What is the wisdom given to Him?  How are such mighty works done by His hands?

And yet, they did not respond to His Father, nor would they recognize Himself!

Their great difficulty, was that they were in no way prepared to accept that one who had grown up apparently like any other child in their midst could be fundamentally any better than themselves.  Failure through fear as experienced by His disciples during the storm on the Sea of Galilee was human; refusal from pride as shown by His townspeople in Nazareth was devilish!  Who, indeed, did He think He was?

Jesus said to them, "A prophet is not without honour except in his home town and among his relatives and in his own household." So, He could do no  mighty work there, except that He laid His hands on a few sick people and healed them.  And He marvelled because of their unbelief.

Jesus marvelled because they refused to marvel at God’s goodness shown to One they considered to be like themselves.  The Nazarenes were very proud.   They would, indeed, accept one more learned than themselves (some acknowledged and scholarly rabbi perhaps), that one stronger (some revolutionary leader perhaps), but not one better than themselves before God: better in His knowledge of, response to, and love for, the God Who they had come to consider as theirs.

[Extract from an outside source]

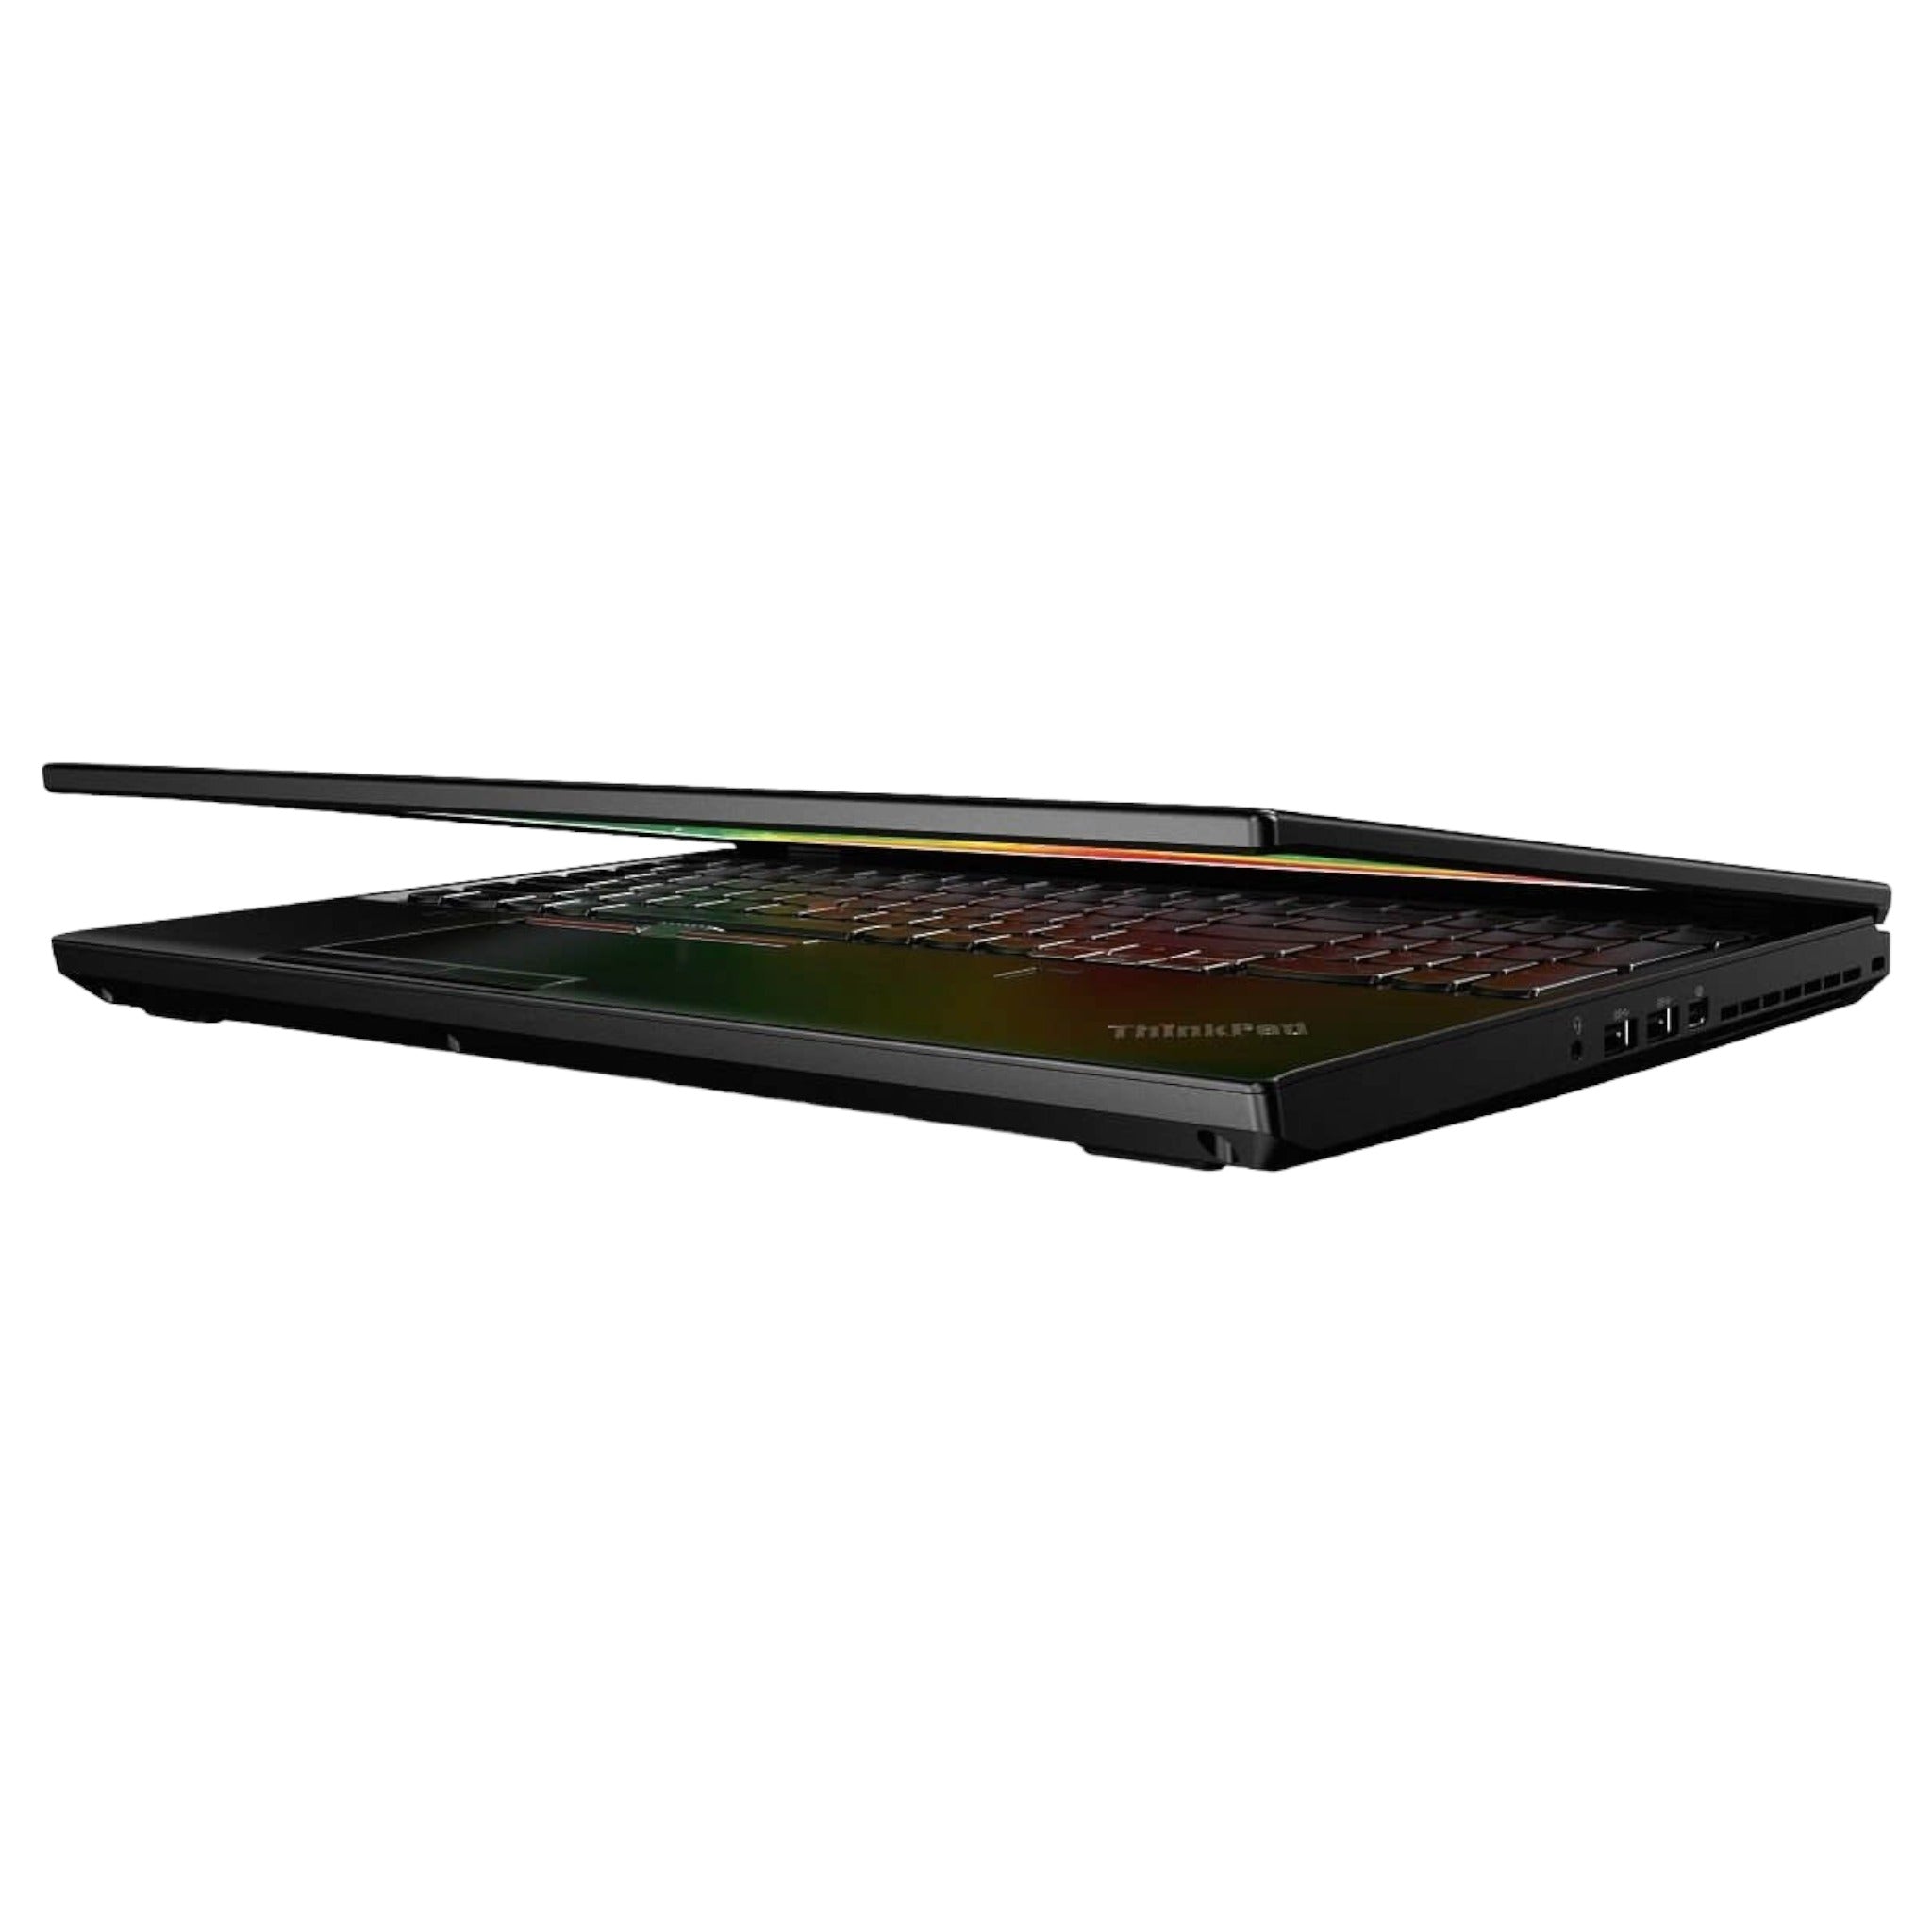 Lenovo ThinkPad P51 Core i7-7820HQ 2.90GHz 16 GB 512 GB SSD 15,6" Full HD Quadro M2200 Win 10 Pro - computify

The fact is that they were no longer God’s People because they had come to consider Him as their god, just as the pagans all around each had their god, who was no true god. The denizens of Nazareth, having come to think that Israel’s ancient Lord was in fact their own Jewish god, found something deeply offensive in this Man before them demanding that they truly REPENT and learn anew to LOVE the God Who had brought their fathers out of Egypt to this Promised Land.  THIS was the stumbling block over which they fell and condemned themselves: Israel’s God was their god, and this ‘fellow’ had been taught at their synagogue, long before He became famous elsewhere.

St. Paul, on the contrary, told us how he had learnt ultimate humility from God:

A thorn in the flesh was given to me, an angel of Satan, to keep me from being too elated.  Three times I begged the Lord about this, that it might leave me, but he said to me, “My grace is sufficient for you, for power is made perfect in weakness.” Therefore, I am content with weaknesses, insults, hardships, persecutions, and constraints, for the sake of Christ; for when I am weak, then I am strong.

Faith, dear People of God, is the glory of a human being.  It is a sublime gift of God, as the Gospel tells us, but it is something that can only be received with humility; for, through faith, the very power of God is at our disposal, and we must only use it for His glory, never for our own.     Being born of humility, faith can only be cherished by the constant practice of simplicity and trust in God, for the worries and false solicitudes of the world would choke it, as Jesus lovingly warns us (Luke 12:27-33):

 Seek but the kingdom of God, and all these things shall be added to you. 

Dear brothers and sisters in Christ, you who have all been personally chosen by the Father to be disciples of Jesus and witnesses to the world:  avoid worries and solicitude which sap away the strength of your faith; above all, never indulge doubt which can destroy faith.  Cardinal Newman used to say that a hundred difficulties do not make one doubt.  Do you think, do you fear, that your faith is still weak?  Then humble yourself gladly before God with St. Paul; and never forget what St. John would tell you also, namely, that you can grow in faith by the communion you have, daily, with God.  Would you aspire, finally, to the crown of faith?  Then give yourself in commitment -- sincere and total -- to God in prayer, to Jesus in the Eucharist, and to the Gospel proclaimed by Mother Church, in all life’s circumstances, big and small; such faith will earn you the eternal reward and crown implied in the words:

            Go in peace, your faith has saved you.